We'll work with data on Academy Award nominations, which can be downloaded [here](https://www.aggdata.com/awards/oscar). The Academy Awards, also known as the Oscars, is an annual awards ceremony hosted to recognize the achievements in the film industry. There are many different awards categories and the members of the academy vote every year to decide which artist or film should get the award. The awards categories have changed over the years, and you can learn more about when categories were added on [Wikipedia](http://bit.ly/1Rig7Gs).

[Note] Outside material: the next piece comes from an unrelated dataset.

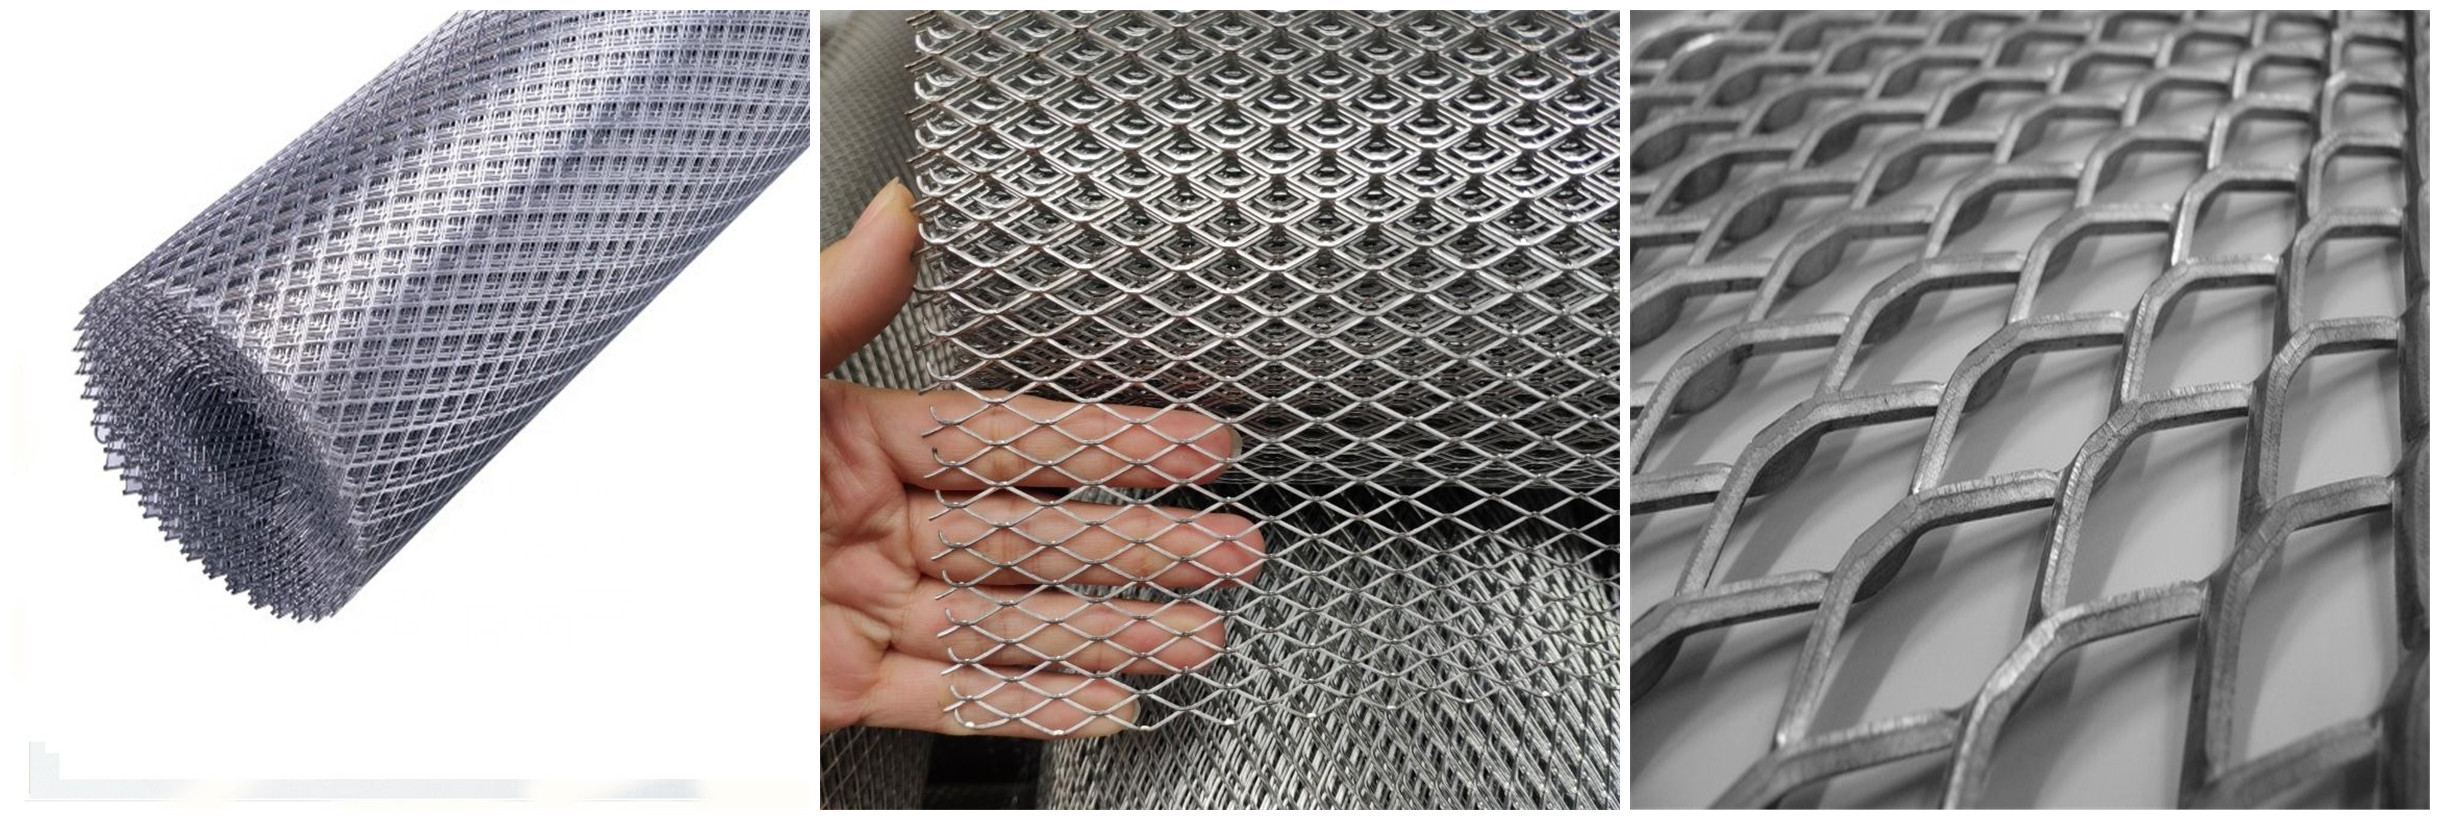 Hebei Yicheng Wire Mesh Products Co., Ltd

Here are the columns in the dataset, `academy_awards.csv`:

* `Year` - the year of the awards ceremony.
* `Category` - the category of award the nominee was nominated for.
* `Nominee` - the person nominated for the award.
* `Additional Info` - this column contains additional info like:
  * the movie the nominee participated in.
  * the character the nominee played (for acting awards).
* `Won?` - this column contains either `YES` or `NO` depending on if the nominee won the award.

In [1]:
import pandas as pd

academy = pd.read_csv('academy_awards.csv', 
                      encoding='ISO-8859-1')

academy.head()

Unnamed: 0,Year,Category,Nominee,Additional Info,Won?,Unnamed: 5,Unnamed: 6,Unnamed: 7,Unnamed: 8,Unnamed: 9,Unnamed: 10
0,2010 (83rd),Actor -- Leading Role,Javier Bardem,Biutiful {'Uxbal'},NO,,,,,,
1,2010 (83rd),Actor -- Leading Role,Jeff Bridges,True Grit {'Rooster Cogburn'},NO,,,,,,
2,2010 (83rd),Actor -- Leading Role,Jesse Eisenberg,The Social Network {'Mark Zuckerberg'},NO,,,,,,
3,2010 (83rd),Actor -- Leading Role,Colin Firth,The King's Speech {'King George VI'},YES,,,,,,
4,2010 (83rd),Actor -- Leading Role,James Franco,127 Hours {'Aron Ralston'},NO,,,,,,


In [2]:
# There are 6 unnamed columns at the end. 
# Use the value_counts method to explore if any of them have valid values that we need.

for i in range(5, 11):
    colname = 'Unnamed: '+str(i)
    
    print(colname)
    print(academy[colname].value_counts())
    print('#'*30, '\n')

Unnamed: 5
*                                                                                                               7
 D.B. "Don" Keele and Mark E. Engebretson has resulted in the over 20-year dominance of constant-directivity    1
 error-prone measurements on sets. [Digital Imaging Technology]"                                                1
 resilience                                                                                                     1
 discoverer of stars                                                                                            1
Name: Unnamed: 5, dtype: int64
############################## 

Unnamed: 6
*                                                                   9
 sympathetic                                                        1
 direct radiator bass style cinema loudspeaker systems. [Sound]"    1
 flexibility and water resistance                                   1
Name: Unnamed: 6, dtype: int64
############################## 



In [3]:
# You'll notice that the Additional Info column contains a few different formatting styles.
# Start brainstorming ways to clean this column up.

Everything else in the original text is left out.